---------- Supplied records

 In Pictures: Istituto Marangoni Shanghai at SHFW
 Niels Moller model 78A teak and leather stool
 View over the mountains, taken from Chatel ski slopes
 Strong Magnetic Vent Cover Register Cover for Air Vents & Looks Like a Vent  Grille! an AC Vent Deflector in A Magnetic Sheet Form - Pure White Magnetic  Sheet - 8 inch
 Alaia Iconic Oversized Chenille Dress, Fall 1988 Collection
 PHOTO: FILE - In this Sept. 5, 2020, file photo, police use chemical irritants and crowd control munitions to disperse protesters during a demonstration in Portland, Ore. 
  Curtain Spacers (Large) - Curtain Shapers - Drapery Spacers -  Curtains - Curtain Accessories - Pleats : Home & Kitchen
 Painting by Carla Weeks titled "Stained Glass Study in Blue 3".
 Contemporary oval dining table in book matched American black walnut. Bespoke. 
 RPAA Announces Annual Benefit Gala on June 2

--------------------

*What to do*. Starting at the top of the listing above, write out every line exactly as it appears.

*Solution to the exercise*.
 In Pictures: Istituto Marangoni Shanghai at SHFW
 Niels Moller model 78A teak and leather stool
 View over the mountains, taken from Chatel ski slopes
 Strong Magnetic Vent Cover Register Cover for Air Vents & Looks Like a Vent  Grille! an AC Vent Deflector in A Magnetic Sheet Form - Pure White Magnetic  Sheet - 8 inch
 Alaia Iconic Oversized Chenille Dress, Fall 1988 Collection
 PHOTO: FILE - In this Sept. 5, 2020, file photo, police use chemical irritants and crowd control munitions to disperse protesters during a demonstration in Portland, Ore. 
  Curtain Spacers (Large) - Curtain Shapers - Drapery Spacers -  Curtains - Curtain Accessories - Pleats : Home & Kitchen
 Painting by Carla Weeks titled "Stained Glass Study in Blue 3".
 Contemporary oval dining table in book matched American black walnut. Bespoke. 
 RPAA Announces Annual Benefit Gala on June 2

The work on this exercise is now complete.